Бах, когда столкнулся с этой проблемой (потери ясности мышления), тоже как-то сразу сильно опешил. Мозг ему требовался на регулярной основе, поэтому при первом обнаружении неполадок он приступил к ремонту. Нанял двух репетиторов: по английскому и шангаан, прикупил словарей, накачал книг на рабочий стол. Но только как-то сразу не пошло: татарский педагог вгоняла его в сон, а полиглот-уборщик Амади всё время переключался на какие-то внешние раздражители, так что создавалось ощущение, что общаются двое глухих. Бах языки не бросил, но активнее взялся за чтение проверенных поколениями художественных произведений. Правда, и тут была загвоздка: проблемы, затронутые классиками, казались уж очень нелепыми в этих условиях жары и вымирания, и это сильно снижало образовательную функцию литературы.

На почве слабеющего ума Бах познакомился с девушкой Нинель, которая работала на самой младшей должности в канцелярии. Нинель вот как про себя рассказывала: она приехала в Африку сразу после окончания университета и теперь отчаянно пыталась подготовиться к сдаче кандидатских, но тексты по философии давались с таким трудом, что в первое время все силы вкладывались исключительно в то, чтобы справиться с деградацией. Начитавшись про ноосферу, она заказала в городе толстые металлические пластины и расставила их вдоль стен, надеясь заглушить слишком активные электромагнитные излучения. Помимо вторых стен, в качестве оружия против глупости Нинель использовала большое количество радиоприёмников, которыми, как она думала, создавала собственное информационное поле.

Может, все эти изобретения и не работали, если бы девушка не подкрепляла свои проекты такой мощной протаранивающей здравый смысл верой, что действительно глупела медленнее всех в посольстве.

– И что, получается их читать? И Борми-Корнштейна? – спросил Бах, когда они встретились в баре.

– Это ещё ничего. На этой неделе даже Фомель-Кюссон, вроде, усвоился.

– Даже Фомель-Кюссон! О, мои поздравления!

Он ласково улыбнулся и тряс её руку, искренне радуясь этим успехам. Нинель нравилась Баху. Она представлялась ему разумной и чуткой. Эти качества редко сочетались в человеке в равных пропорциях, но в ней всё было именно так: отличный ум, подкреплённый чуткостью, без лиризма и аффектации.

Она была высокая, в пушистых волосах, похожа на животное. У неё было плоское, тугое от молодости блестящее лицо, и Баху иногда хотелось взять её голову руками с двух сторон – нежно, как вазу, и со свойственным моменту пафосом отобразить тонкий глухой поцелуй на стенке этого божественного сосуда. Бывали времена, когда Нинель казалась старше, фарфор уходил из ассоциации, а в голове вызревали потные, торопливые мысли о быстром свидании у подсобки под деревом папайи.

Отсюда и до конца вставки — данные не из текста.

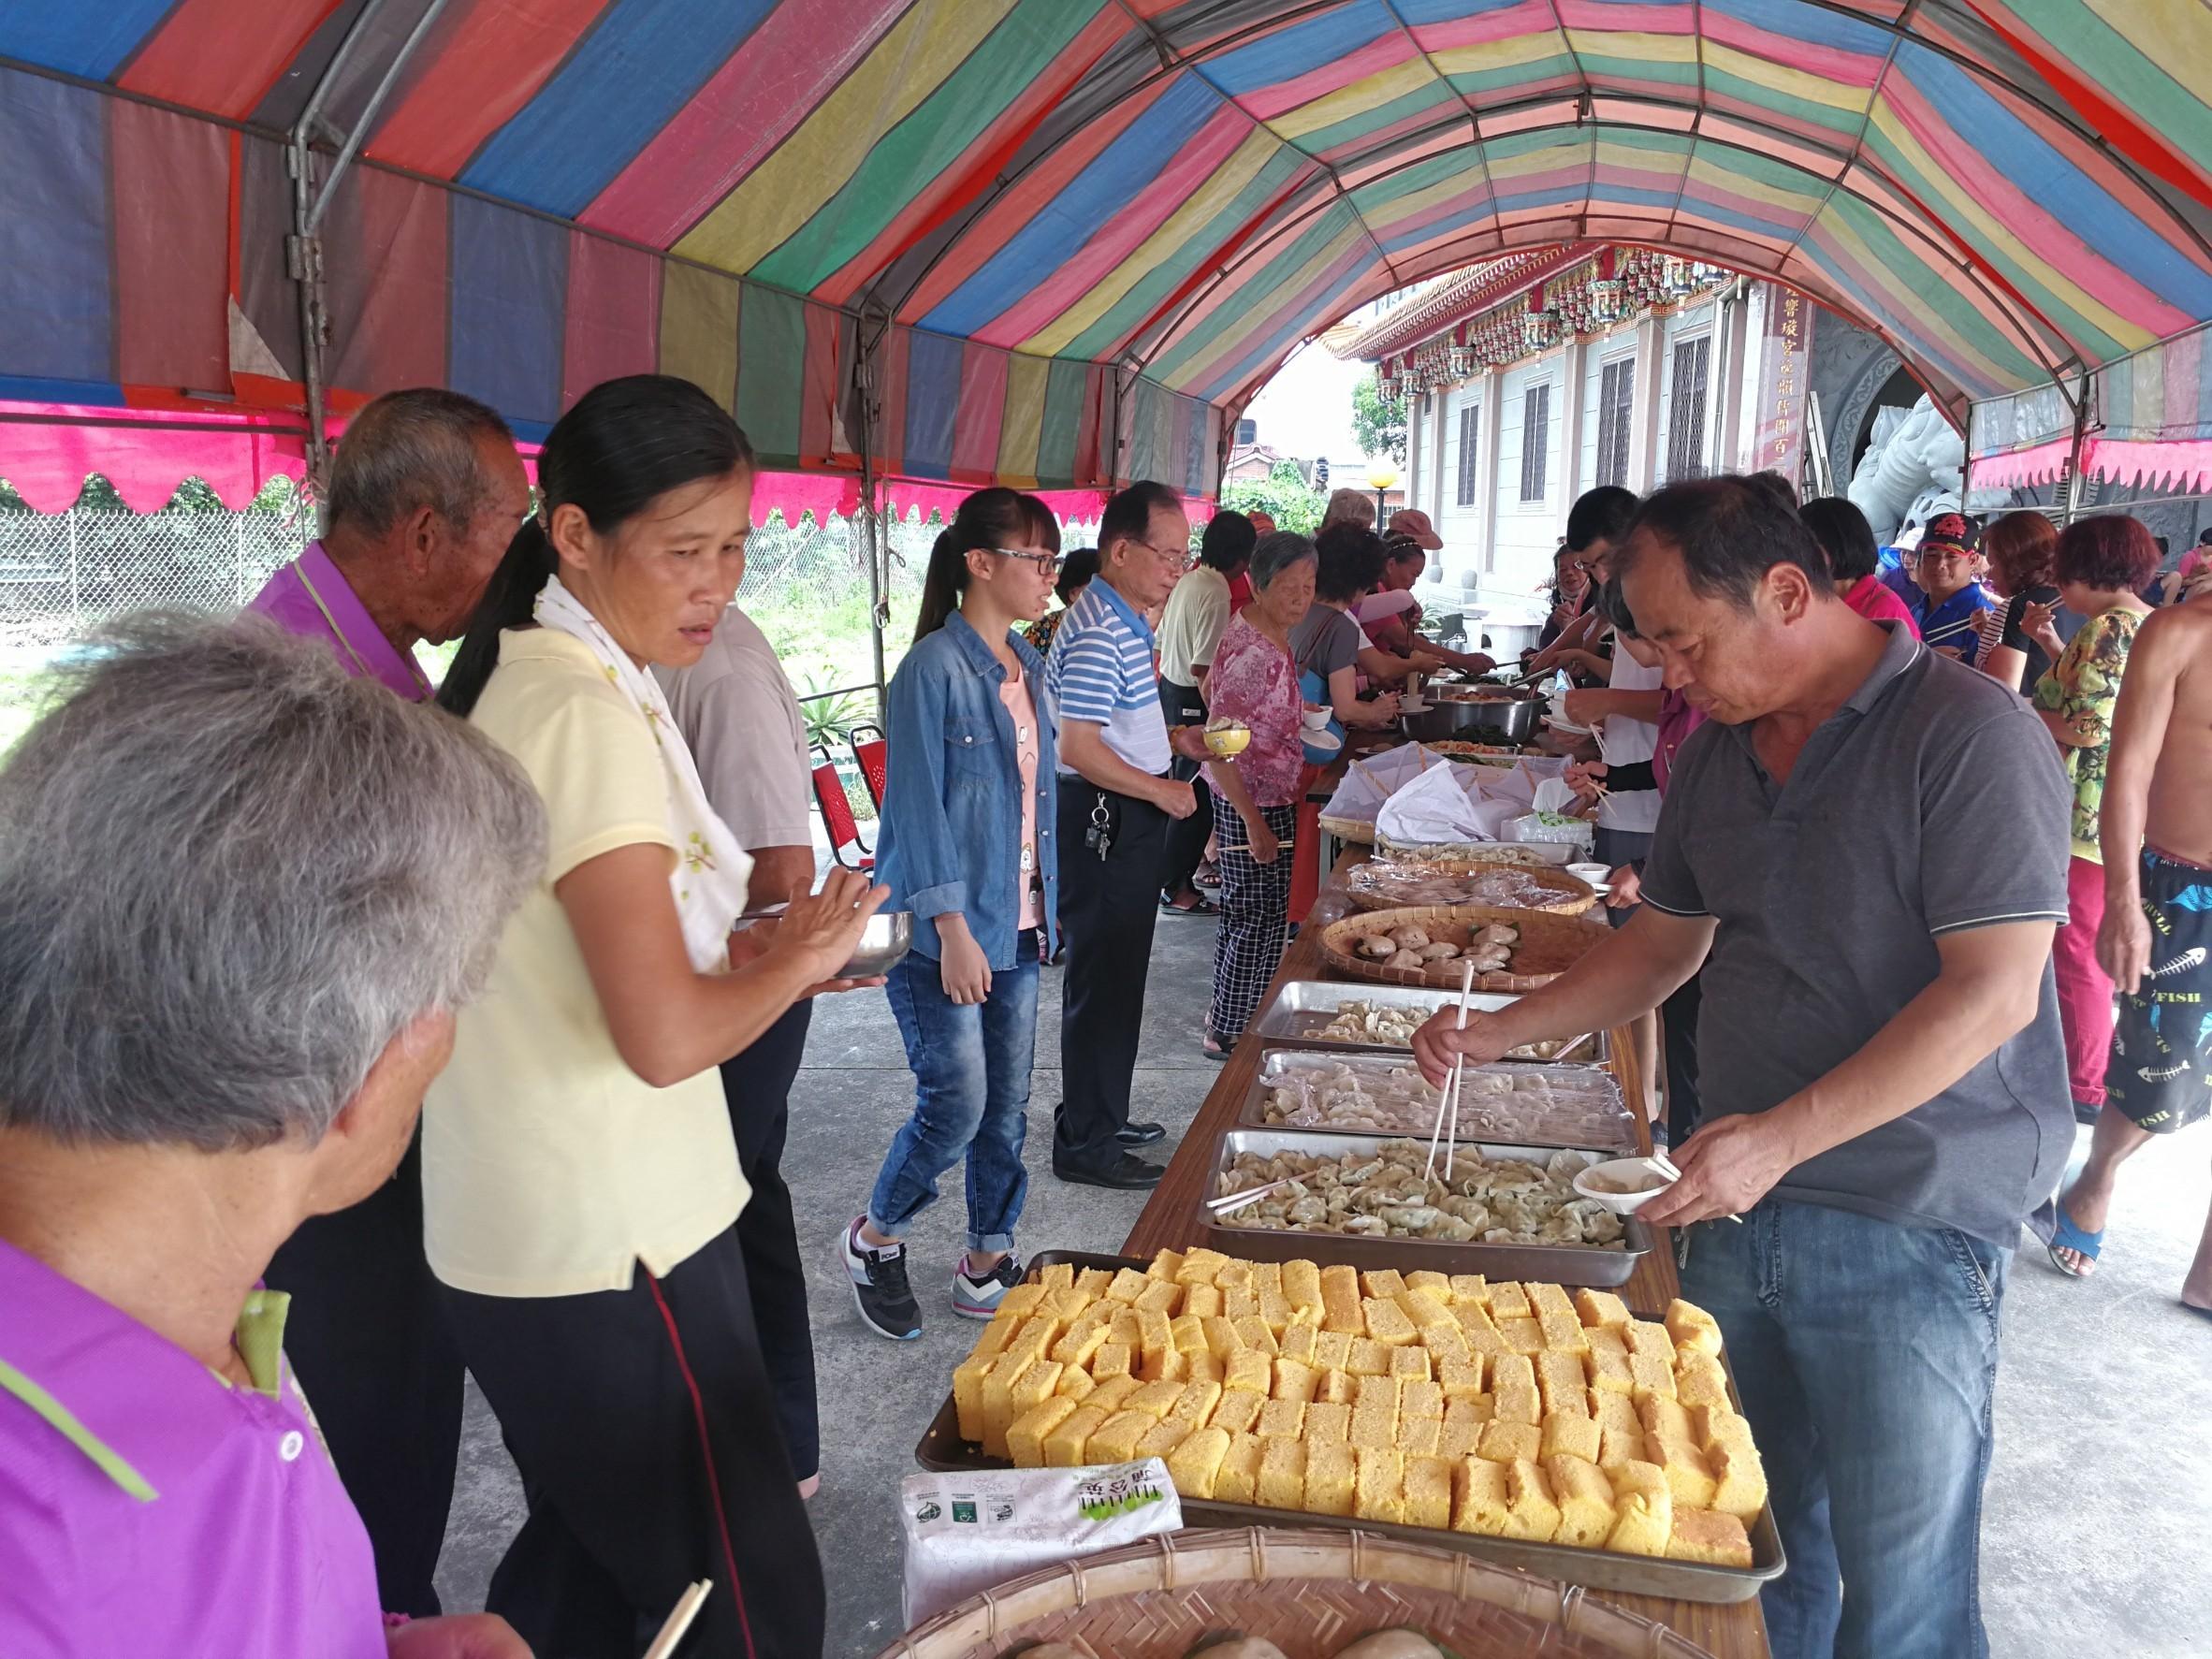 附近的塗師社區運用在地盛產的南瓜製作蛋糕,與六斗社區的好朋友們一同分享。(106.08.26)

Нинель была уверенной и сильной, у неё не было претензий к себе, пожалуй, кроме одной, и то это нельзя было назвать претензией, это была констатация, грустная малоизысканная данность. Итак, единственное, что её мучило – это врождённое бесцелие. Обычно человек придумывал себе большую такую цель, цель, как углубление в себе самом, где он накапливал жизнь. Нинель иногда удручалась, потому что у неё не было никакой великой цели, у неё не было никакого намёка на цель. Она двигалась короткими желаниями, чётко, как крот, рыла новые почвы, всегда оказываясь в нужном месте на поверхности. Но всё же это не было похоже на трогательное путешествие по сферической спирали к некой внутренней точке микрокосмоса, в которой жила её суть.

И поэтому иногда она вот так леденела, истрачивалась. Она показывала Баху разорванную на куски линию жизни на правой руке и смеялась холодно, зло, потому что считала себя недоброй и не хотела заводить цель, о которой не сможет позаботиться.

– Это же как питомец – цель. Это психологический питомец, и у меня его нет. И у меня его не будет.

– Откуда ты знаешь?

– Я не верю в постоянные величины, а цель – именно это. Всё остальное можно уложить в желания, с которыми я неплохо справляюсь.

Бах как-то по-особому вырастал, когда они разговаривали. Ему казалось, что он видит те самые потайные слои, которые открываются людям с сильным интеллектом, и он считал её немного божественной, хотя это была обычная девочка, сильная и развитая, но не больше того.

Он видел её, и какие-то сказки вырастали. И ему представлялись раздольные шахматные поля, логические норы подземных зверей, матрица дождевых червей, золотое сечение деревьев – это была цивилизация, знания произрастали из предметов и тут же рождали новые знания, реальность была фантастически научна. И он стремился её познать. Изо рта вытекала благодатная слюна – голод на информацию, и он бежал в свою квартиру, чтобы открыть книгу и припасть к тексту, который он читал жадно, питаясь каждым тончайшим смыслом.

Этот голодный интеллектуализм и неудовлетворённая потребность в соотнесении себя и своего времени с другими людьми и событиями прошлых и текущих лет спасли его. От регулярного чтения у него в голове скопились культурные консерванты, которые защищали его мозг от загнивания. Это была победа.

* * *

Это была? О нет, нет, посмотри на это получше. Там опять вымирание. – Ну не надоело вам выбирать плохое? – Это способ спастись. – От чего? Эй, отвечайте!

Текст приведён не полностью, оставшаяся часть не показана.